V. Убийство без убийцы
V. Убийство без убийцы
Преступление, занимающее героя детективного произведения, — убийство. Прочие уголовные дела его не интересуют. На это обращали внимание и С. С. Ван Дайн в своих «28 правилах для пишущих детективы», и Г. К. Честертон, и многие другие писатели и критики, занимавшиеся эстетиков жанра и пытавшиеся вывести некий канон классического детектива. «Но позвольте! — может сказать читатель. — А как же с теми кражами или аферами, которые расследует Шерлок Холмс или патер Браун? Да и у Агаты Кристи можно найти подобные дела!» Действительно, и Конан Дойл, и Эдгар По, и сам Гилберт К. Честертон заставляли своих героев заниматься украденными драгоценностями или похищенными документами. Но, во-первых, таких историй все-таки немного. А во-вторых, эте немногие касаются предметов не совсем обычных.
Относительно документов — такие рассказы как «Похищенное письмо» Эдгара По, «Второе пятно» и «Его прощальный поклон» Конан Дойла относятся скорее к жанру «шпионского детектива», в те времена еще не выделившегося из общего русла криминальных историй, но в дальнейшем превратившегося в самостоятельное направление массовой литературы, выработавшее свой собственный канон, зачастую порывавший с некоторыми традициями классического детектива. Что же до краж — вещи, которые становятся объектом преступления, достаточно необычны. В «Сапфировом кресте» и «Летучих звездах» Честертона, в «Голубом карбункуле» и «Камне Мазарини» Конан Дойла (читатель при желании может продолжить этот список; как уже было сказано, он невелик) они имеют явно сакральный или магический характер (в рамках той условной реальности, которая изображается писателем), все эти предметы культа, коронационные драгоценности, алмазы, на которых лежит древнее проклятье, — пришли в детектив не из полицейских протоколов, но из мира волшебной сказки, из древних и средневековых поверий и суеверий. Соответственно и поиск их имеет характер сказочных приключений, опасных и экзотических — неслучайно кража в классическом детективе чаще всего становится лишь прологом, аперитивом перед подачей основного блюда — загадочного убийства. В сказках, имеющих, как мы неоднократно говорили, природу, родственную природе детектива, на поиск какого-либо заветного камня или короны герой отправляется в тридевятое царство, в волшебную страну.
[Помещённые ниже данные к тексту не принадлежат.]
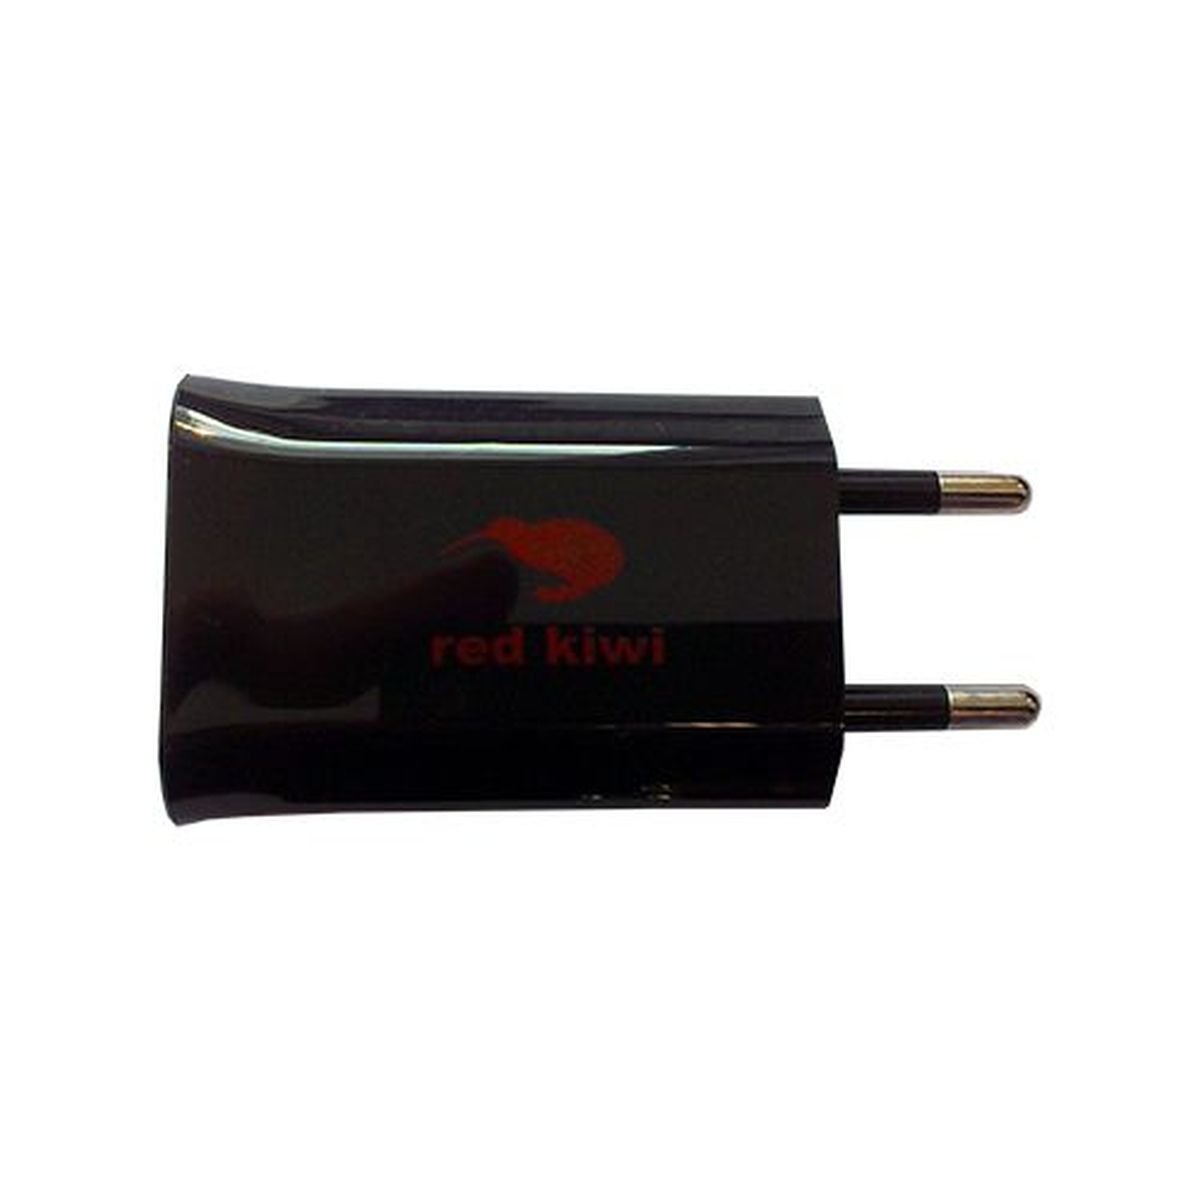 Red Kiwi Red Kiwi USB Stromadapter /Netzladegerät mit USB-Anschluss 220V bei www.Tabakring.de kaufen

Каковая, кстати, говоря, является иносказательным изображением потустороннего пира, подземного (чаще всего) царства, иными словами — того самого мира, с которым, как уже говорили в главе «Дети подземелья», связан главный герой детектива — современная ипостась фольклорного инфернального существа. Так что в классических детективах как правило фигурируют кражи предметов, связанных с миром смерти, предметов ритуальных и магических. Особо следует сказать о рассказах наподобие «Странных шагов» Честертона. Собственно говоря, у него такие рассказы чаще всего и встречаются. Это — притчи, автор использует неокатолическую символику, обряжая ее в одежды детективного следствия. Те же «Странные шаги» можно рассматривать как иносказание о двойственной природе человека, о Высшем Законе, перед которым все равны, вне зависимости от одежды — «и лакей, и джентльмен равно одеты в черные фраки»…
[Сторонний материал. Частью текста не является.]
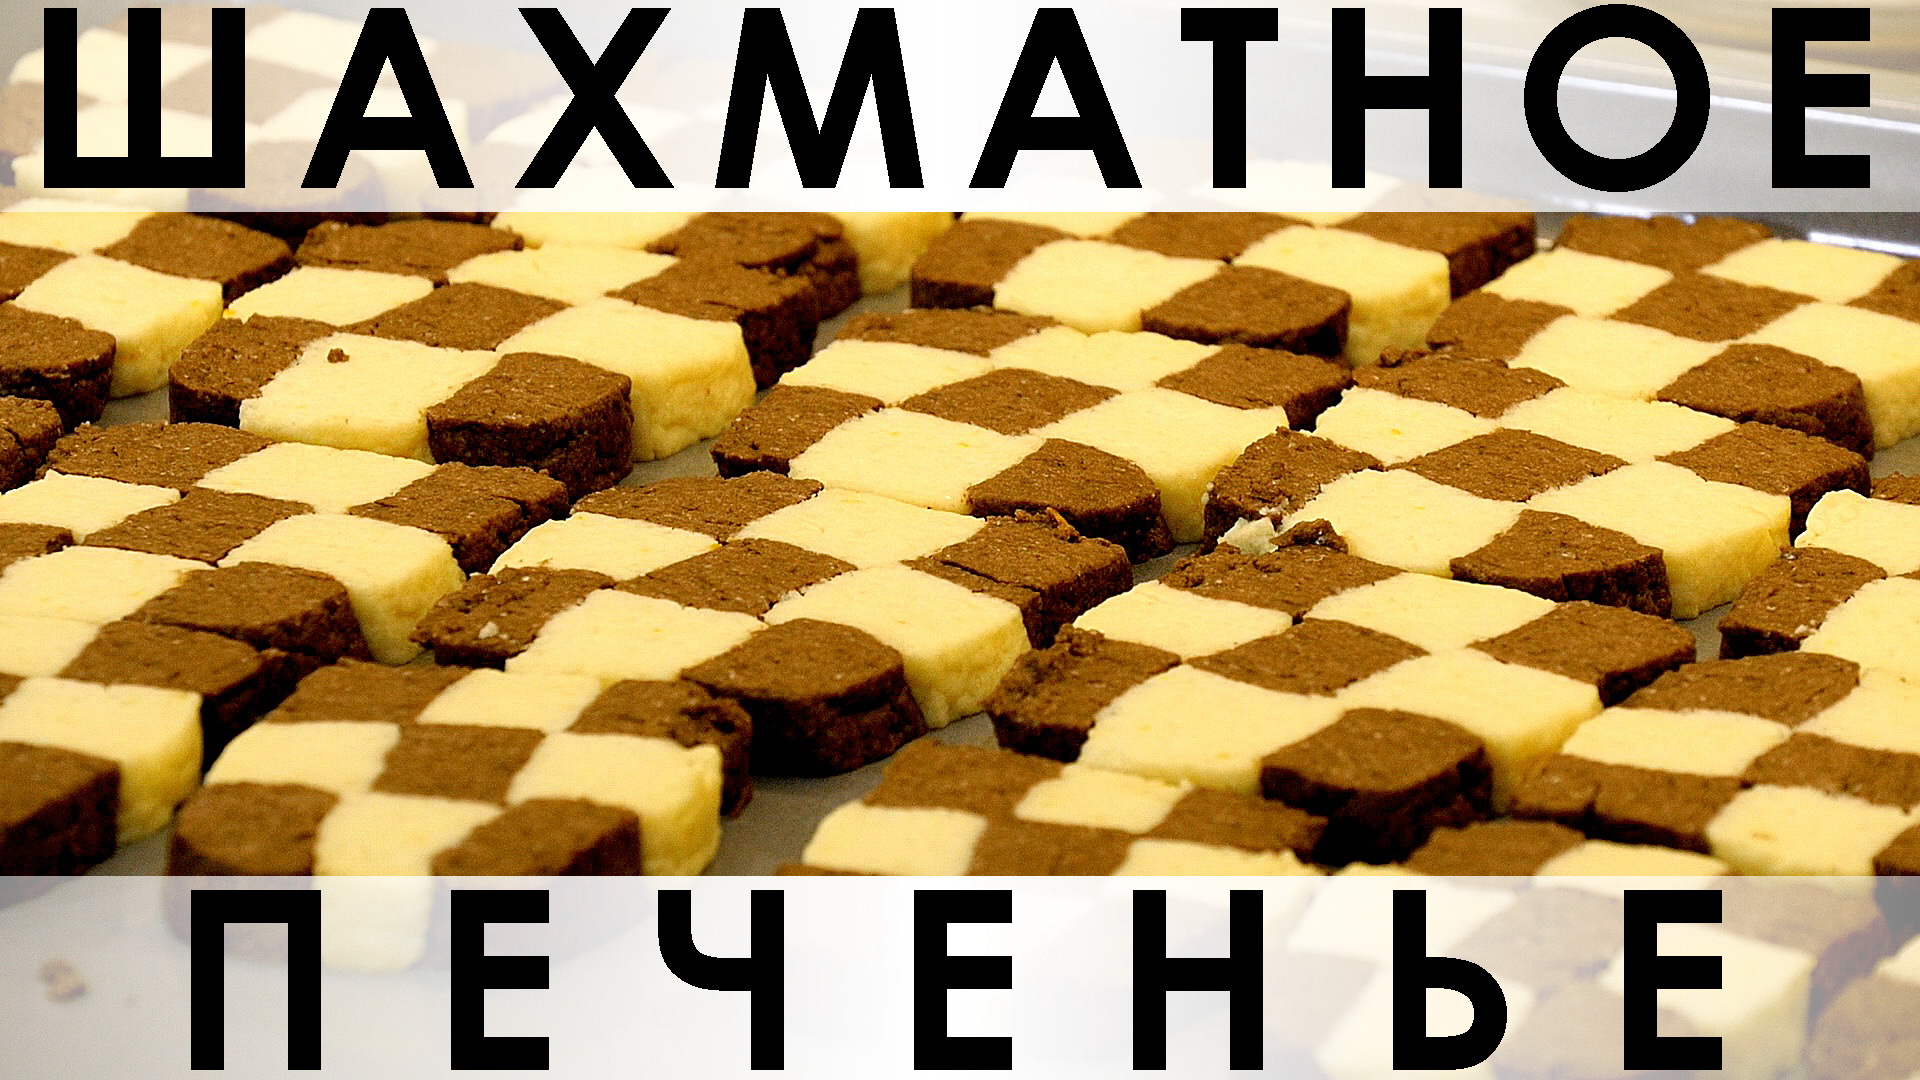 Печенье Шахматное

Так что если уж рассматривать структуру детективного произведения, то в соответствии с правилом, сформулированным Сатерлендом Скоттом: «Детектив без убийства — все равно что омлет без яиц». Почему? Для того уровня произведения, который в «Ловле бабочек на болоте» мы обозначили как уровень Загадки, потому что убийство — преступление самое опасное из существующих, к тому же — необратимое. Похищенный предмет можно вернуть. Что же до убийства — убитого воскресить нельзя. Даже раскрыв Загадку, то есть установив виновника преступления, автор оставляет нас один на один с Тайной, имеющей уже метафизический характер — с Тайной смерти… Потому-то и приобретает расследование особую остроту, что сыщику противостоит личность опасная и незаурядная, самовольно присвоившая себе прерогативу распоряжаться жизнью и смертью.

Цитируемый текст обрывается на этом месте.